Start of MATERIAL PROVIDED

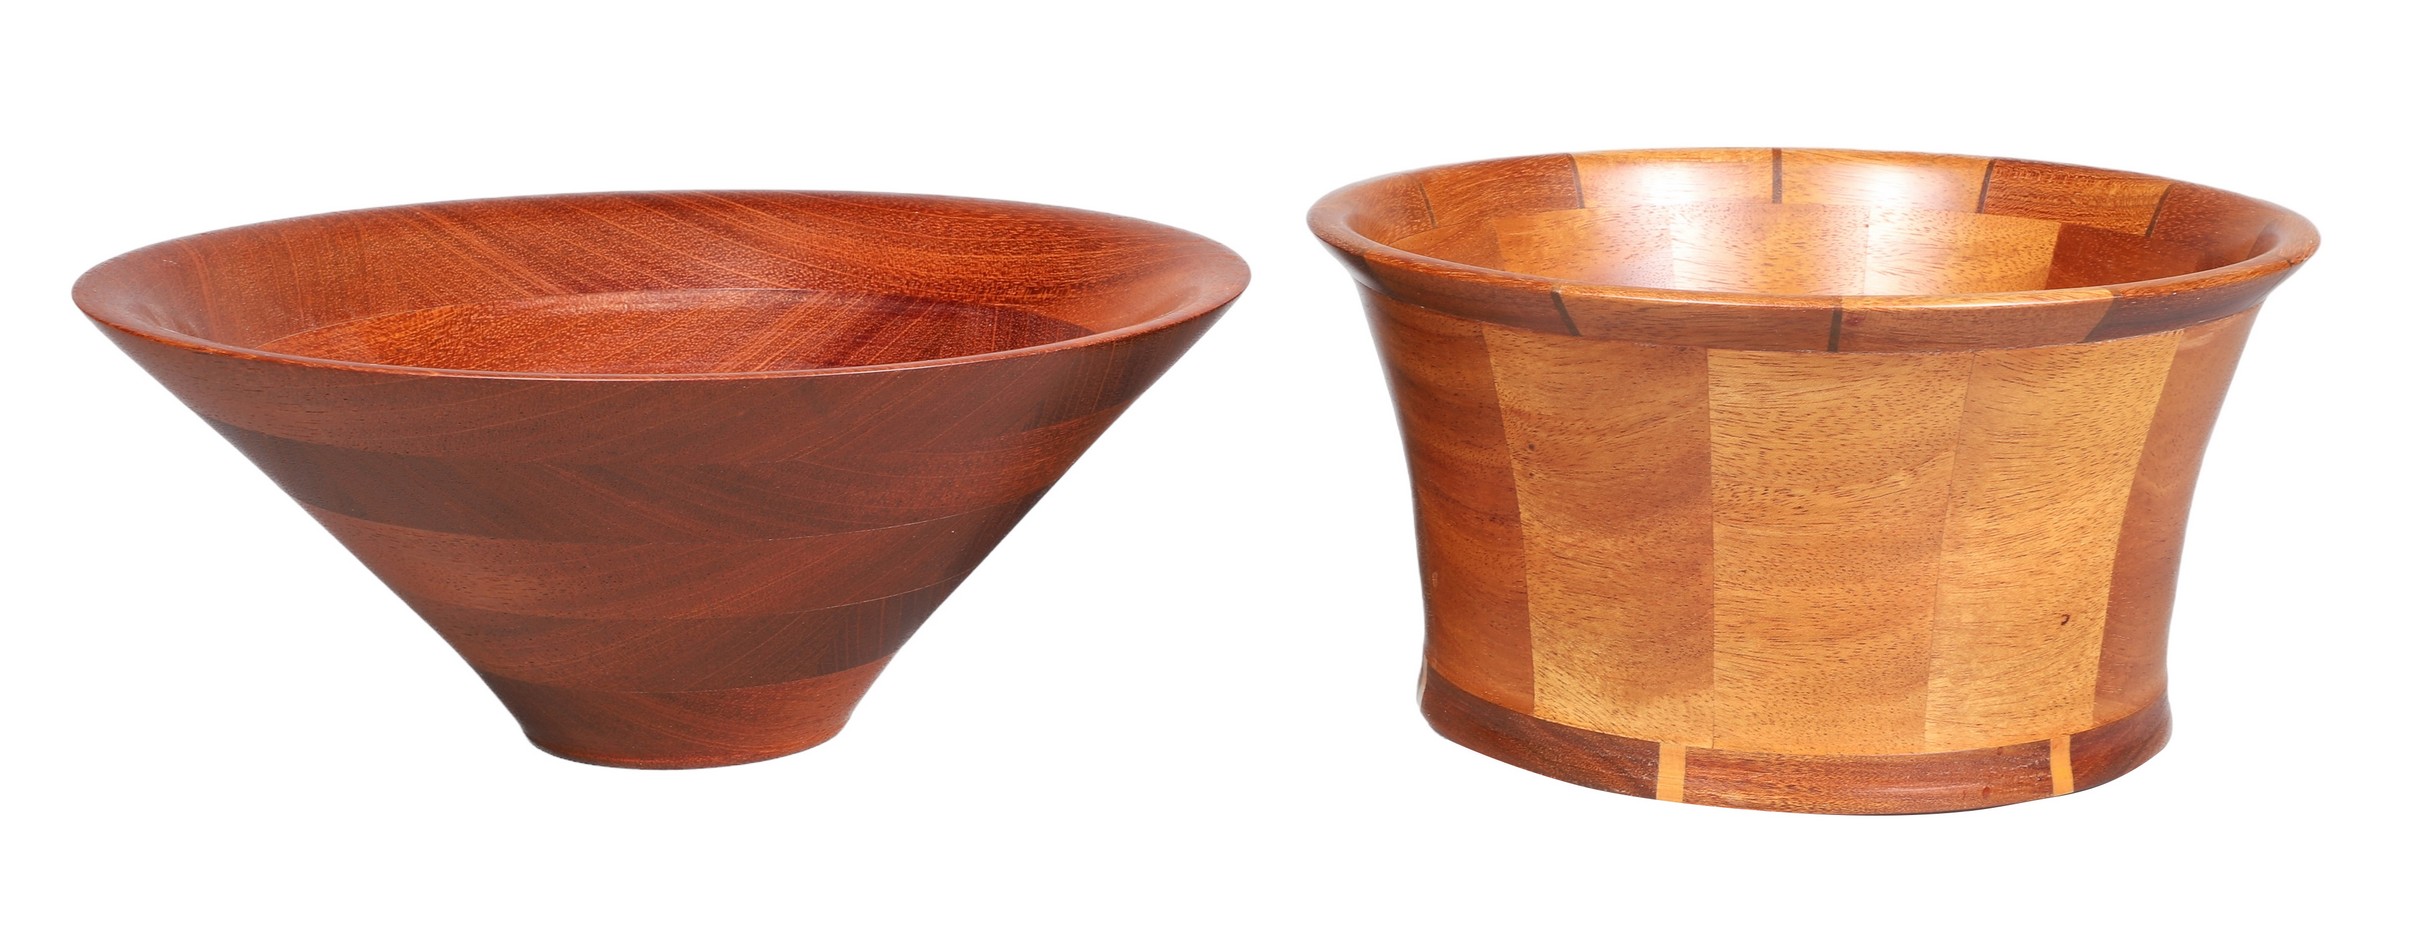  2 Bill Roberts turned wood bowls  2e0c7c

End of MATERIAL PROVIDED
Start of MATERIAL PROVIDED

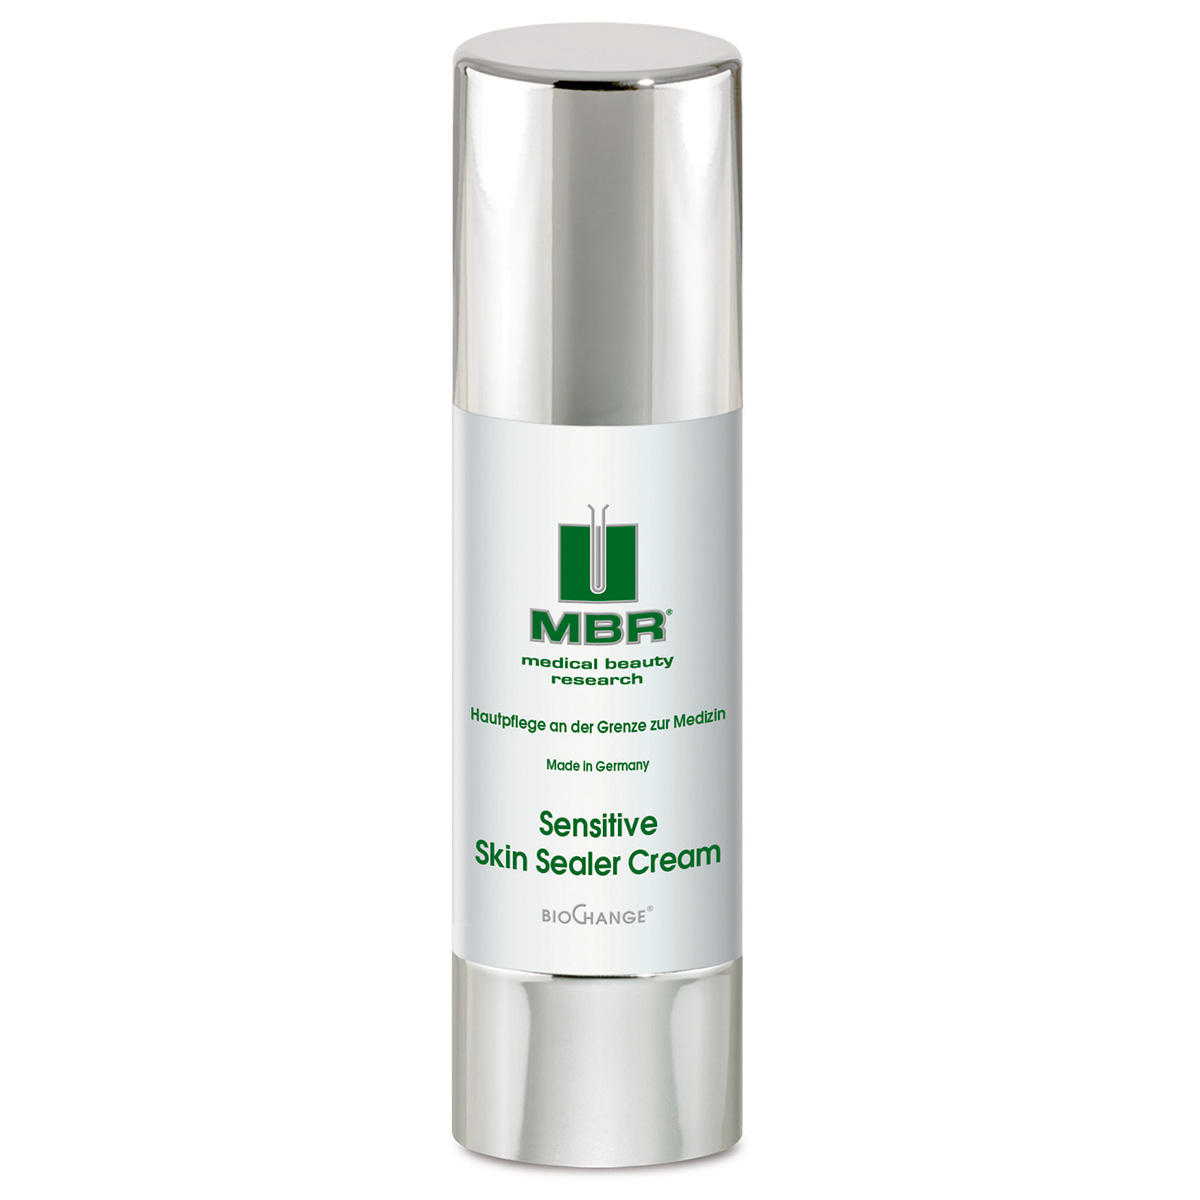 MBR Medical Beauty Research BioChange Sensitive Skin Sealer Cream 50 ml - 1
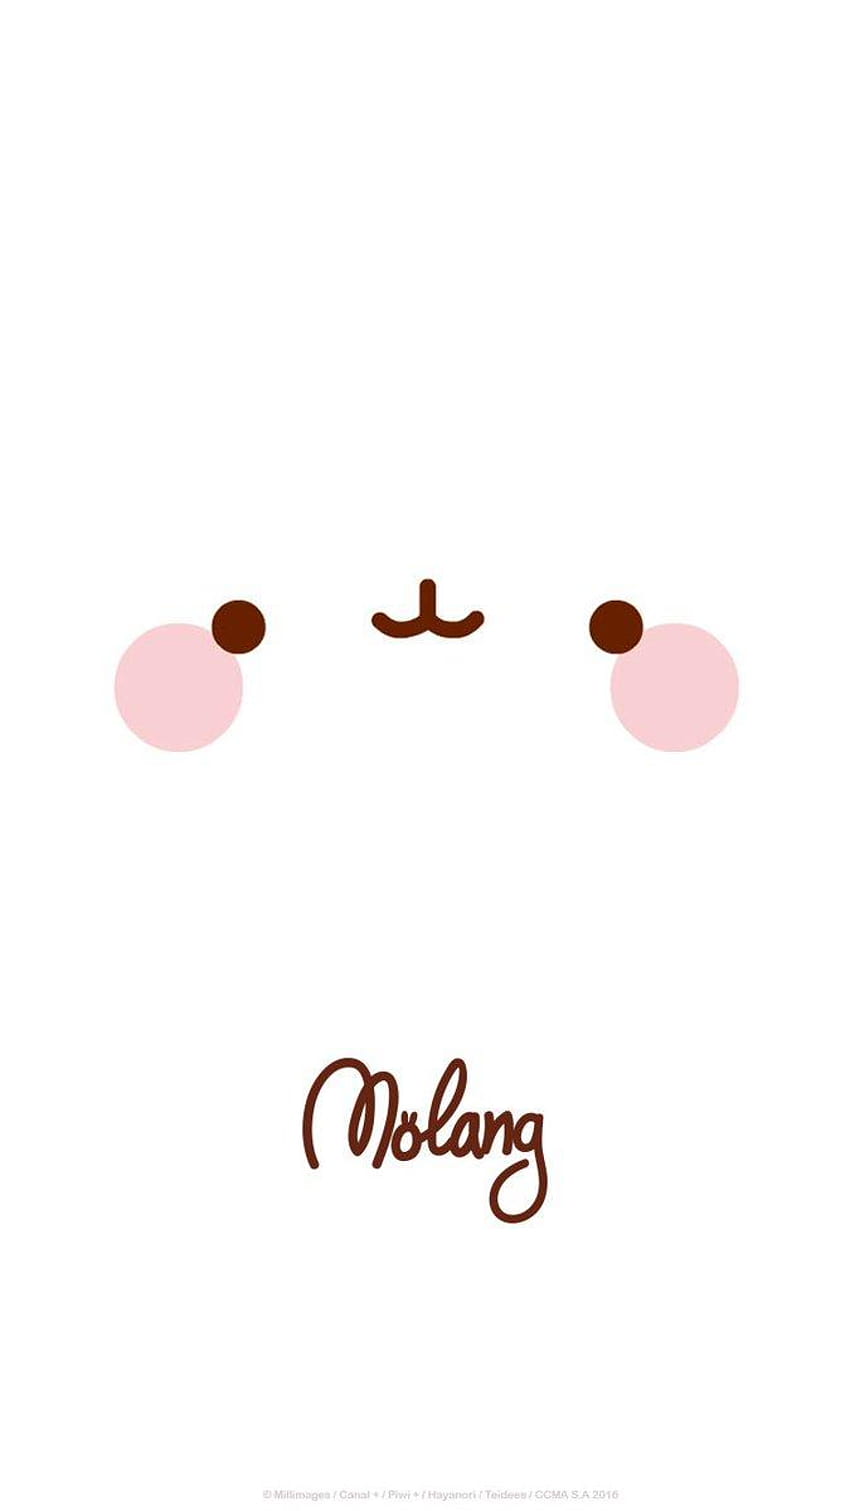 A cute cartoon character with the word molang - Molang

End of MATERIAL PROVIDED
Start of MATERIAL PROVIDED

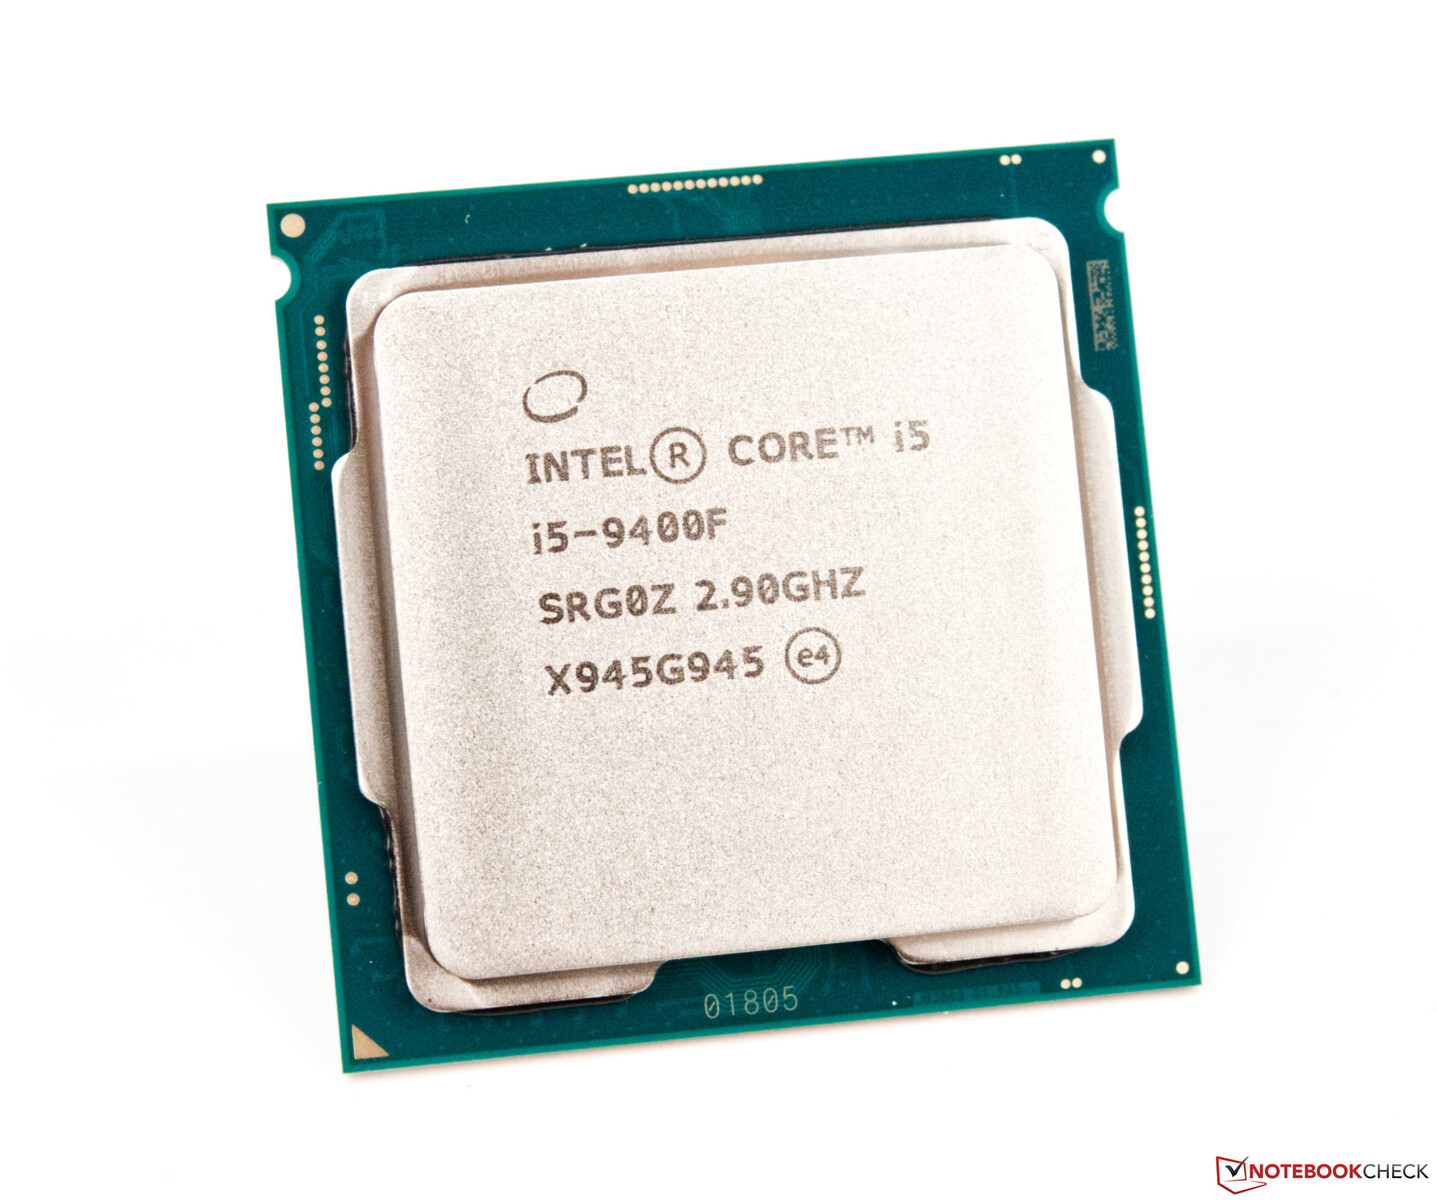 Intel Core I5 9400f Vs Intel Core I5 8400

End of MATERIAL PROVIDED

TASK TO CARRY OUT →
In the records above, find the line with "MBR Medical Beauty". Print exactly from there through the line with "A cute cartoon", minus the pictures.

ANSWER TO THIS PROBLEM →
 MBR Medical Beauty Research BioChange Sensitive Skin Sealer Cream 50 ml - 1
 A cute cartoon character with the word molang - Molang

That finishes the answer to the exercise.